Od razu zacznę od banału: skarpetki od Many Mornings są piękne!
Pierwszą parę dostałem w grudniu od znajomego, to właśnie Maciek odkrył przede mną firmę spod Łodzi zajmującą się skarpetkami.
"Many Mornings powstało i działa w Aleksandrowie Łódzkim, polskim
“Skarpetkowie”, miejscu gdzie od ponad 100 lat wytwarzane są skarpetki i
gdzie przemysł włókienniczy ma korzenie w prawie każdej rodzinie.
Wzbogaceni rzemieślniczą tradycją, tworzymy nową jakość. Wspieramy
lokalność – produkujemy nasze skarpety w rodzinnym przedsiębiorstwie z
25 letnim doświadczeniem.

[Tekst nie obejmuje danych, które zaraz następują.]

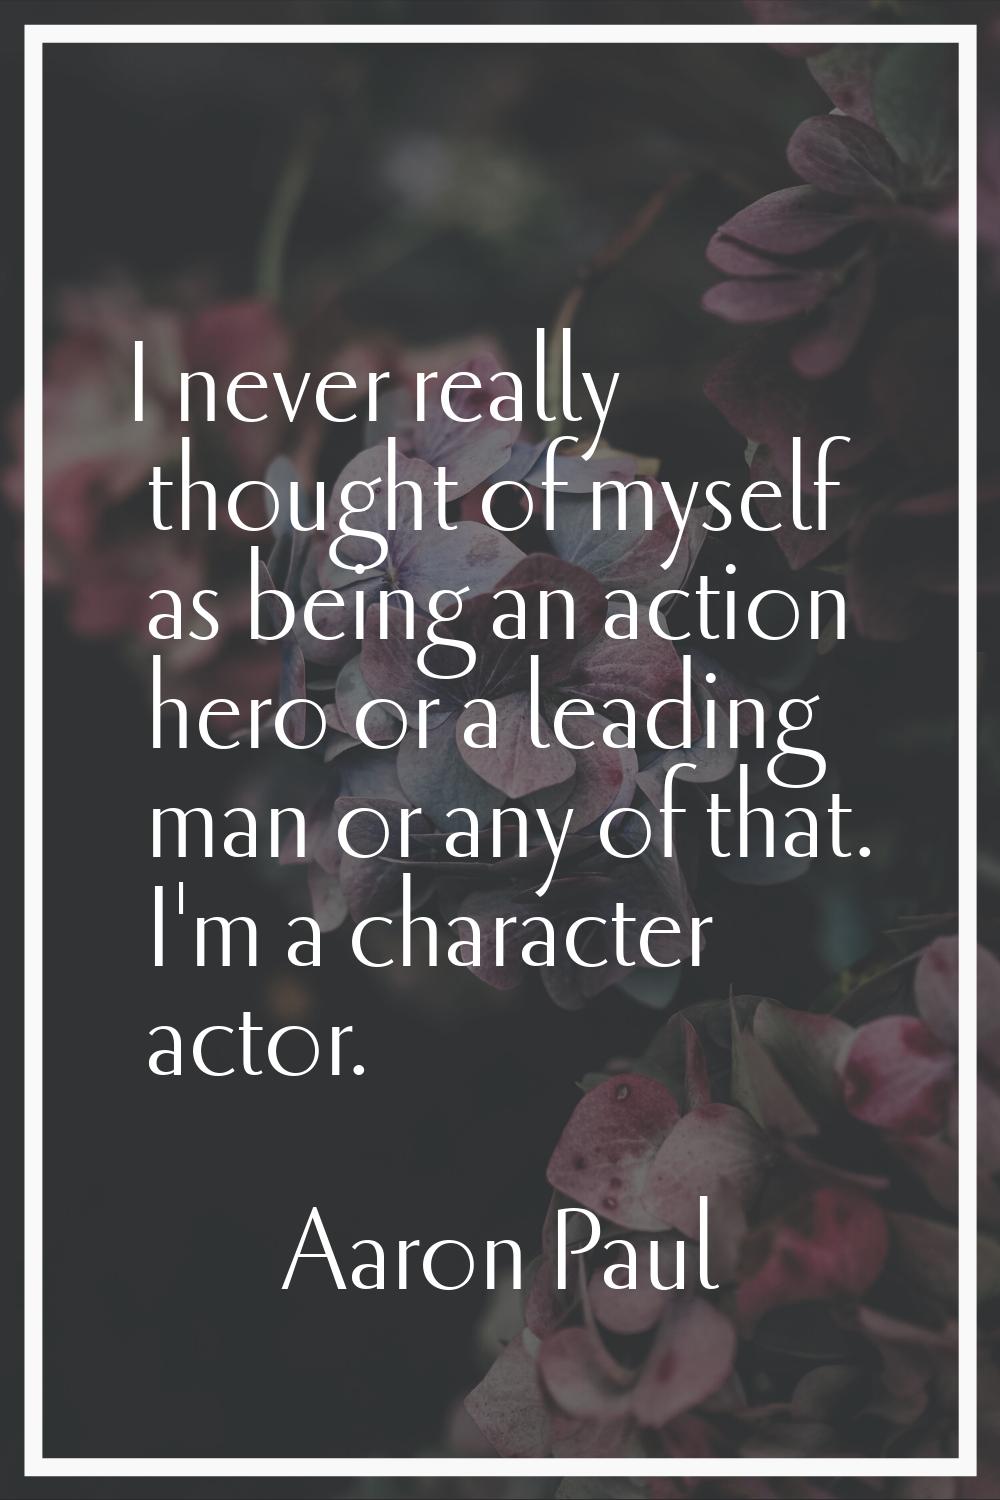 I never really thought of myself as being an action hero or a leading man or any of that. I'm a cha

Pragnienie ekscytujących wzorów
i najświeższych kolorów to fundamenty Many Mornings."
(cytat z oficjalnej strony Many Mornings)
W tej firmie podoba mi się przede wszystkim to, że jest polska i lokalna ( tak jak łódzka firma Pan Tu Nie Stał). Na początku lutego postanowiłem zaryzykować i samemu zamówić przez sklep On-line wypatrzoną parę niebieskich soxów w polskie kwiaty.
Nie musiałem długo czekać.
Dotarły ładnie zapakowane. W środku była mała kartka z podziękowaniem i skarpetki, które na żywo są jeszcze piękniejsze, niż na stronie internetowej.
Od razu sprawdziłem skład: 80% bawełny, 17% poliamidu i 3% elastanu. Doskonała i naturalna mieszanka.
Muszę się kiedyś zebrać w sobie i pokazać Wam ile mam już wzorzystych i kolorowych skarpetek. To moja mała nieznana pasja, by kolekcjonować unikaty i potem je dumnie nosić.
Kto lubi kolorowe skarpetki powinien mieć chociaż jedną parę od Many Mornings.
Warto śledzić ich Fanpage na Facebooku, bo czasami pojawiają się kody do zniżki: z takiego właśnie kodu wintersale skorzystałem.